Well, I didn’t resist, and instead very gratefully accepted them for the collection.
I read my first non-Jeeves and Wooster Wodehouse: Ukridge (1924). I read the entire book pronouncing the name Uk-ridge, but on looking it up I found it is really Ewk-ridge. The rest of his name is just as bad: Stanley Featherstonehaugh Ukridge – one of those English names whose pronunciation bears only a slight, whimsical relation to its spelling. Clearly designed to fox foreigners and the not-posh.
Ukridge is the subject of the ten linked short stories in this collection. He is a man full of ideas to make money, each more outlandish and unlikely than the next. In the first story he decides the road to wealth is to start a dog college:
“I’m going to train dogs.”
“For the music-hall stage. Dog acts, you know. Performing dogs. Pots of money in it. I start in a modest way with these six. When I’ve taught ’em a few tricks, I sell them to a fellow in the profession for a large sum and buy twelve more. I train those, sell ’em for a large sum, and with the money buy twenty-four more. I train those – ”
“Here, wait a minute.” My head was beginning to swim. I had a vision of England paved with Pekingese dogs, all doing tricks. “How do you know you’ll be able to sell them?”
“Of course I shall. The demand’s enormous. Supply can’t cope with it. At a conservative estimate I should think I ought to scoop in four or five thousand pounds the first year. That, of course, is before the business really starts to expand.”

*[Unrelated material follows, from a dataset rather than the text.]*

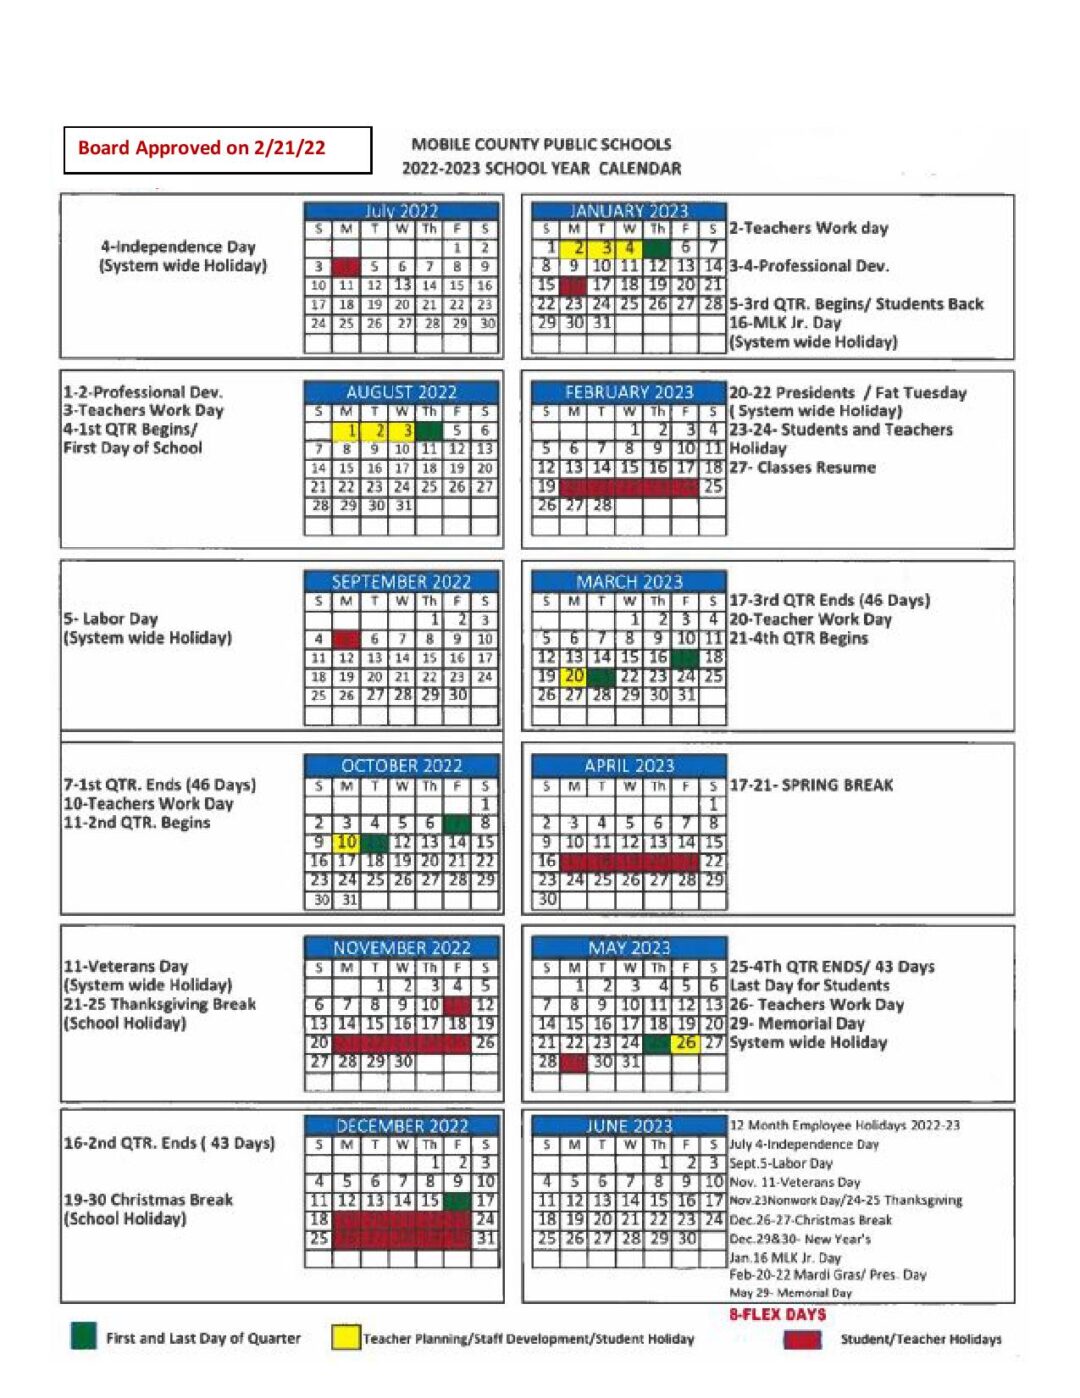 Mobile County Public Schools Calendar 2022-2023

The stories are told by his long-suffering old school-friend Jimmy Corcoran, a journalist. He knows how hopeless these money-making schemes are:
‘not for the first time in a friendship of years the reflection came to me that Ukridge ought to be in some sort of a home. A capital fellow in many respects, but not a man lightly to be allowed at large.’ (132)
Yet Jimmy always helps him out, lends him money he can ill-afford and buys him dinner. The code of old school-friend is that you do not let one another down.

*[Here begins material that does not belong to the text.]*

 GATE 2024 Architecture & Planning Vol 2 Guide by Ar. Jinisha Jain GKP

The dog college is an alternative to trying to suck up to his formidable Aunt Julia, a popular novelist. Aunt Julia is a splendid character. She only has to call ‘Stanley!’ and ‘He seemed to shrink into his mackintosh like a snail surprised while eating lettuce.’ So, many things in common with the Jeeves and Wooster stories, but the characters and plots are distinctive enough for the stories to stand in their own right.

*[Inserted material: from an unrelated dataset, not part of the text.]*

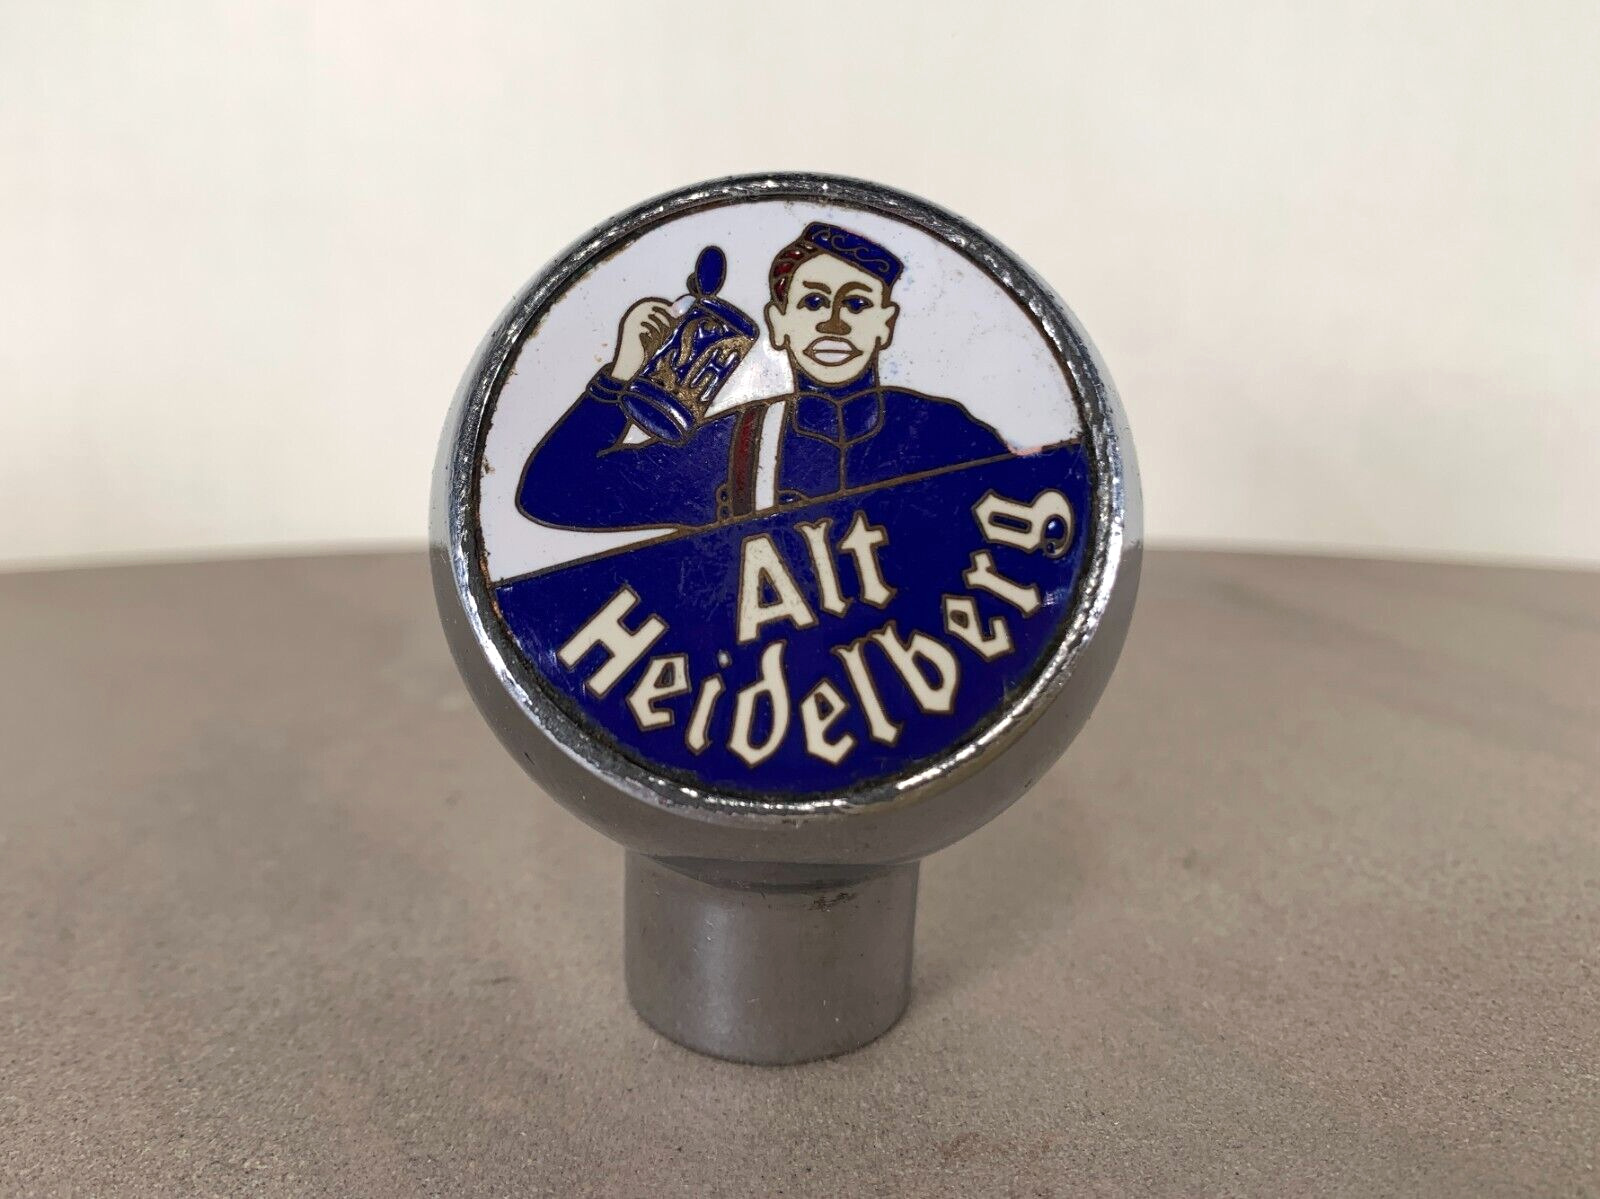 Antique Alt Heidelberg Beer Tap Handle, Chrome/ Porcelain Ball  30s - 40s

We had a great time at the reading group sharing our enjoyment of Wodehouse, though I was pleased that we had one voice of dissent. One reader found that she simply didn’t care about the silly japes of the upper-class cast of her novel. I’m rather surprised that this doesn’t happen more often. At the beginning of reading about Ukridge a part of me was muttering ‘just get a job, man! The rest of the world has to!’ but the sheer skill of the plotting and wit kept this cantankerous voice quiet.
Wodehouse seems particularly popular at the moment. The Interesting Literature blog just had a piece on the words that Wodehouse coined. I went to see Anything Goes (book by Wodehouse amongst others) at the theatre before Christmas – it was wonderful – and I’m going to see Jeeves and Wooster in Perfect Nonsense in February. Robert Webb as Bertie Wooster. I can’t wait!